:: Material provided ::
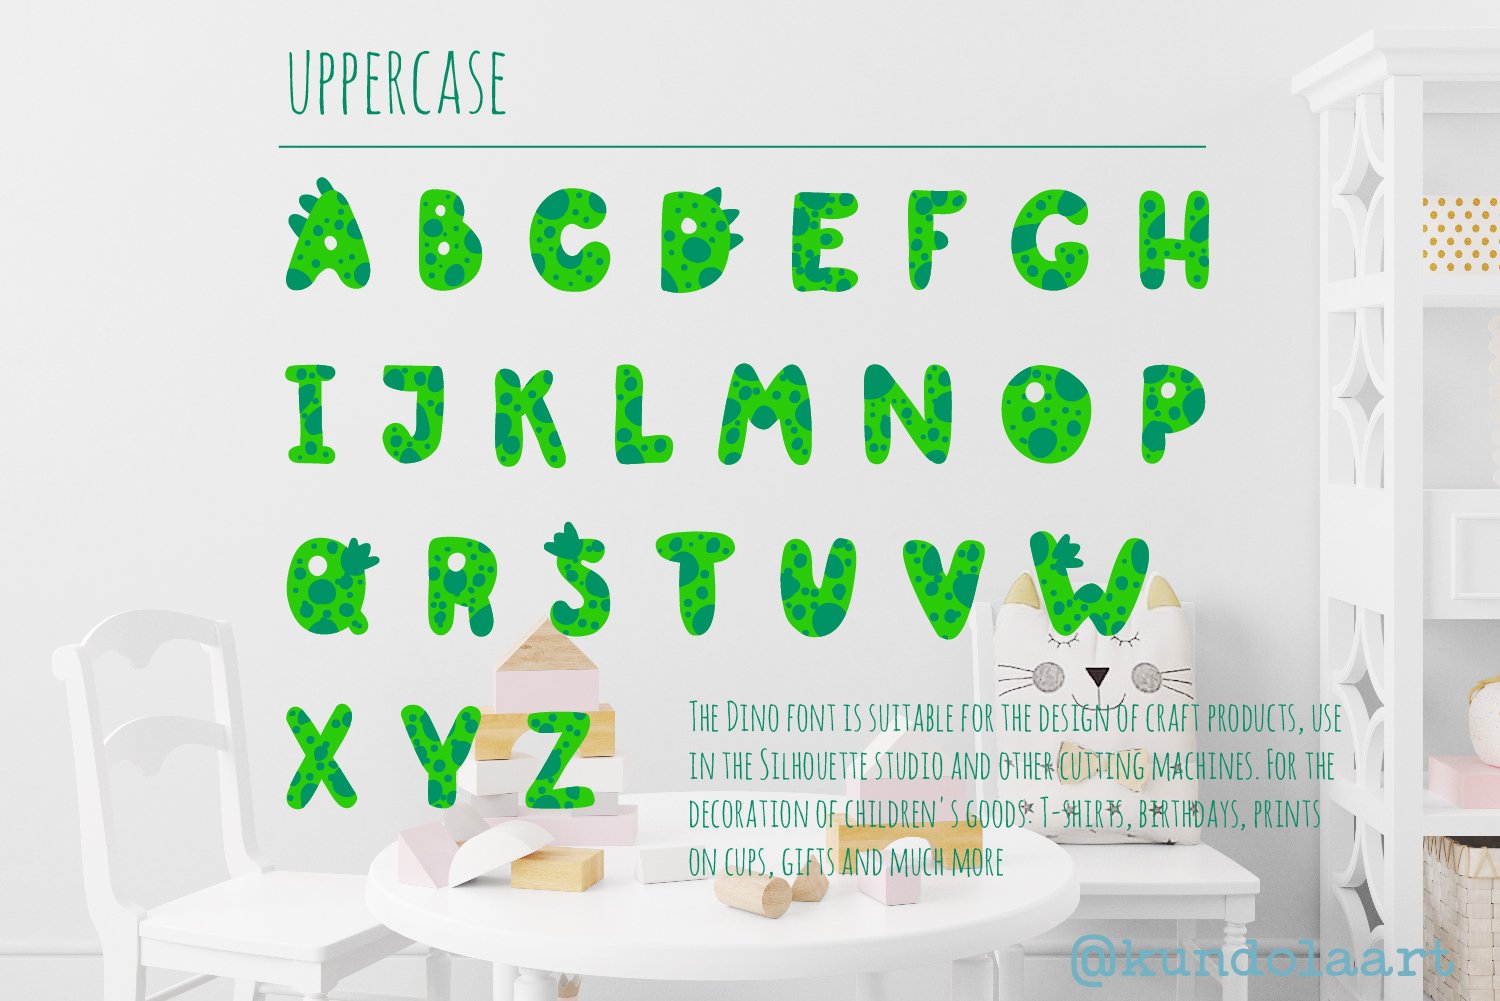 Dino green Font. Color cute dinosaur preview image.
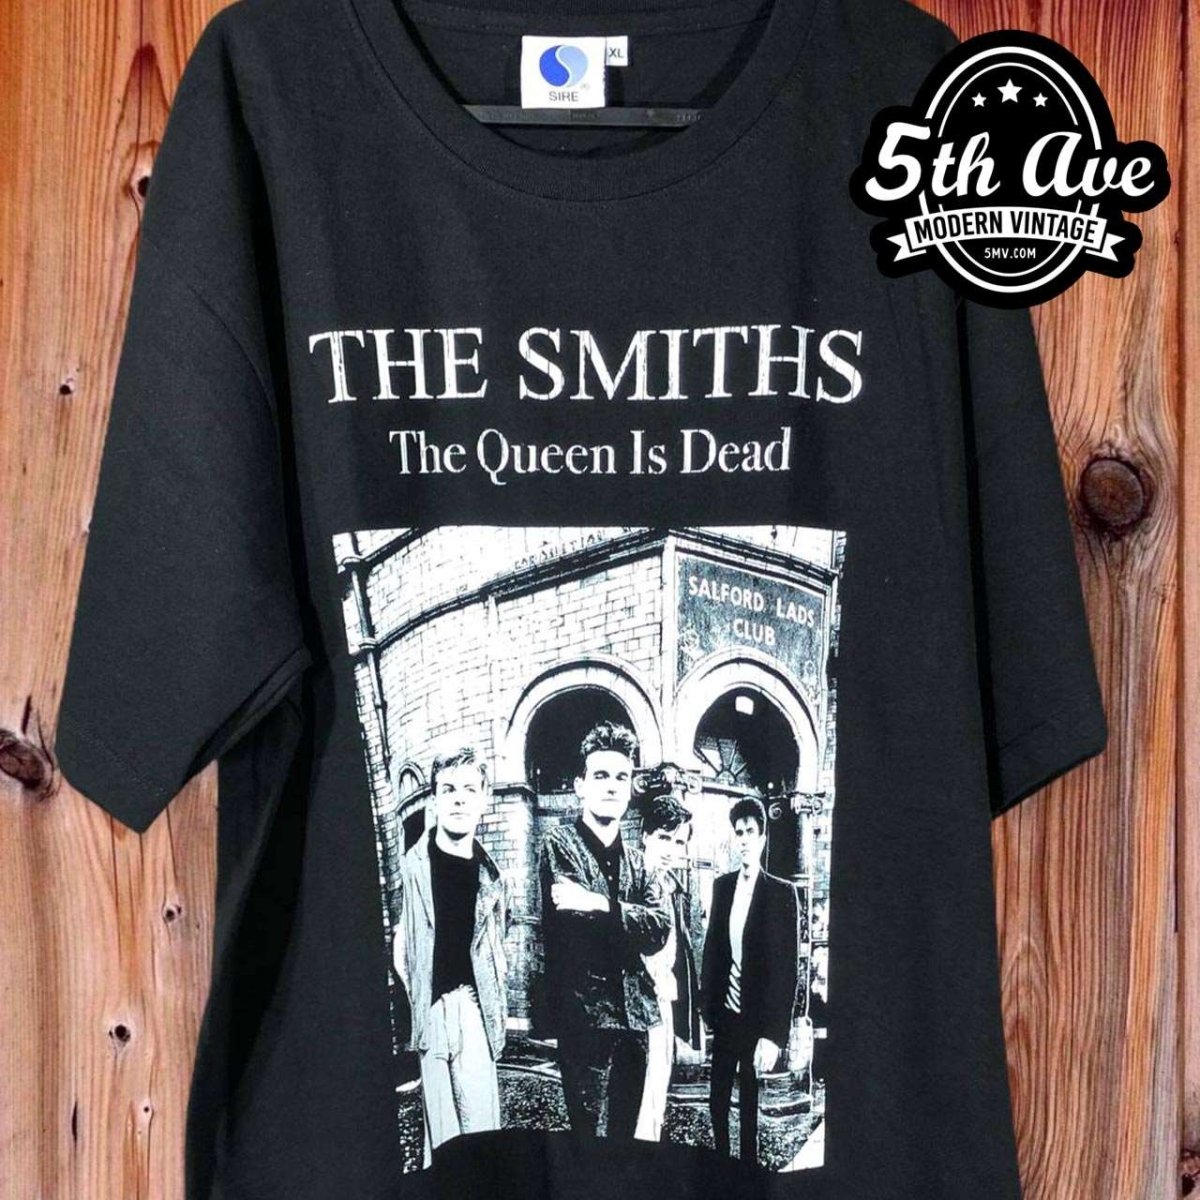 The Smiths The Queen Is Dead - New Vintage Band T shirt - Vintage Band ...
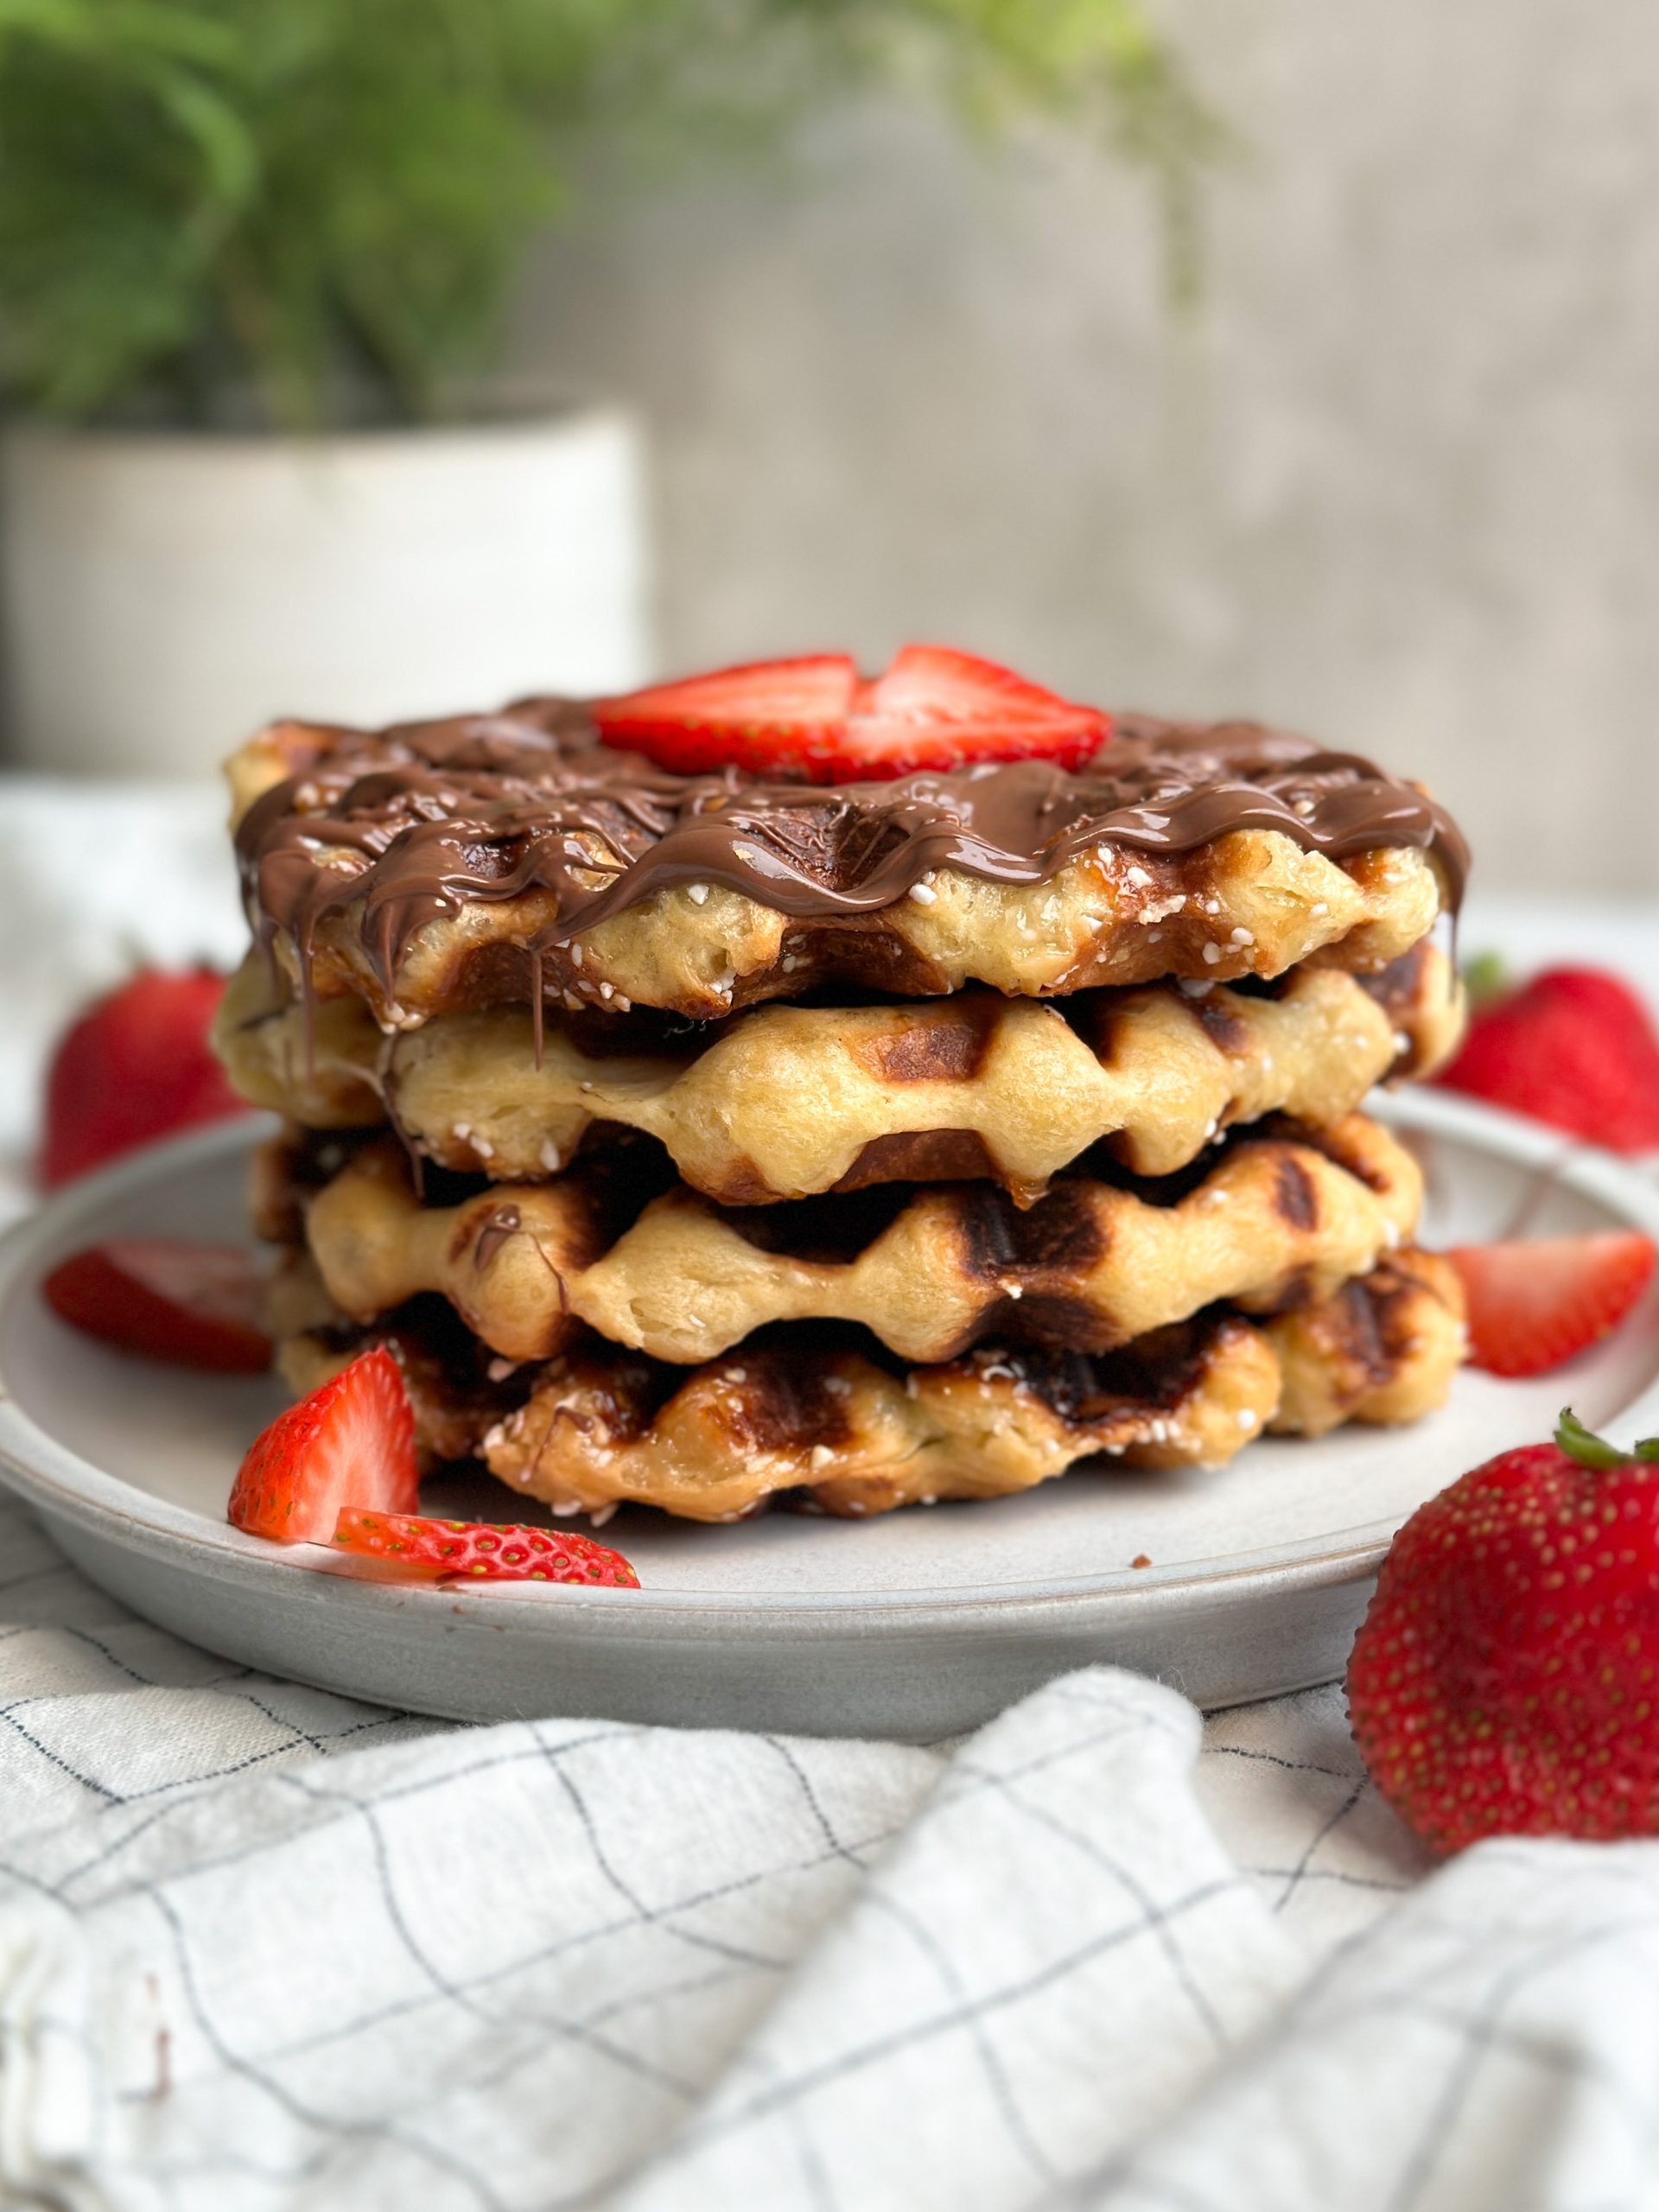 Side image of 4 Belgian liege waffles stacked on a plate, drizzled with Nutella and covered with chopped strawberries
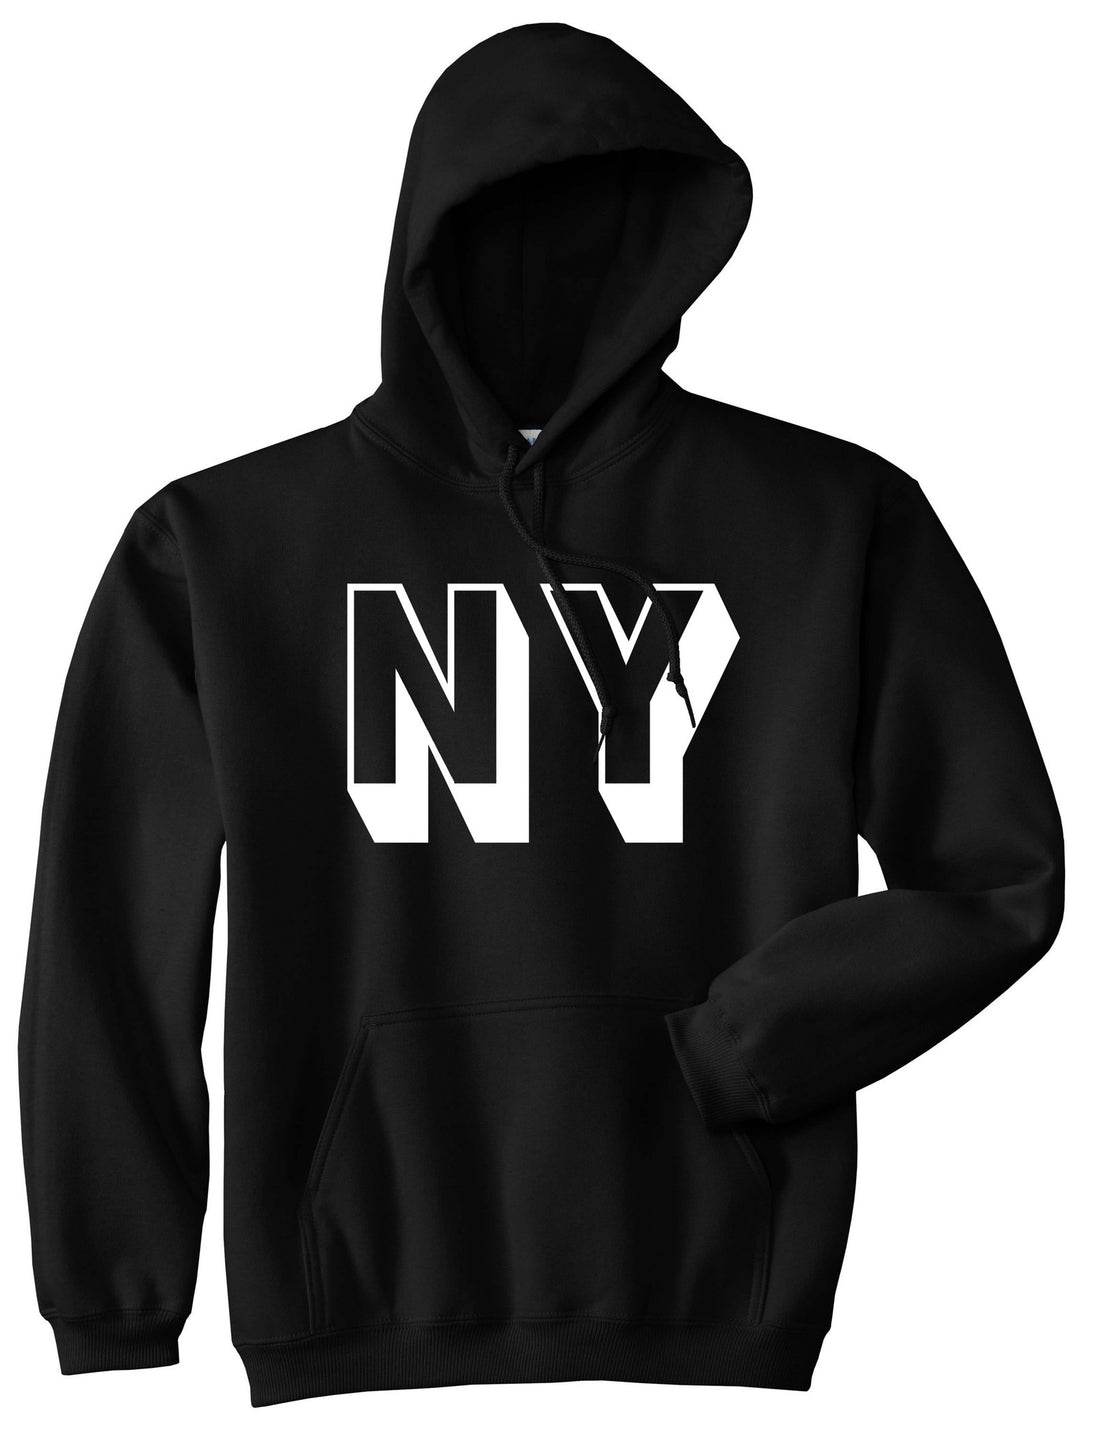 NY Block Letter New York Pullover Hoodie in Black By Kings Of NY
:::
• Exercise details
Retype the whole listing above exactly as written. Skip the pictures.

• Answer to the exercise
 Dino green Font. Color cute dinosaur preview image.
 The Smiths The Queen Is Dead - New Vintage Band T shirt - Vintage Band ...
 Side image of 4 Belgian liege waffles stacked on a plate, drizzled with Nutella and covered with chopped strawberries
 NY Block Letter New York Pullover Hoodie in Black By Kings Of NY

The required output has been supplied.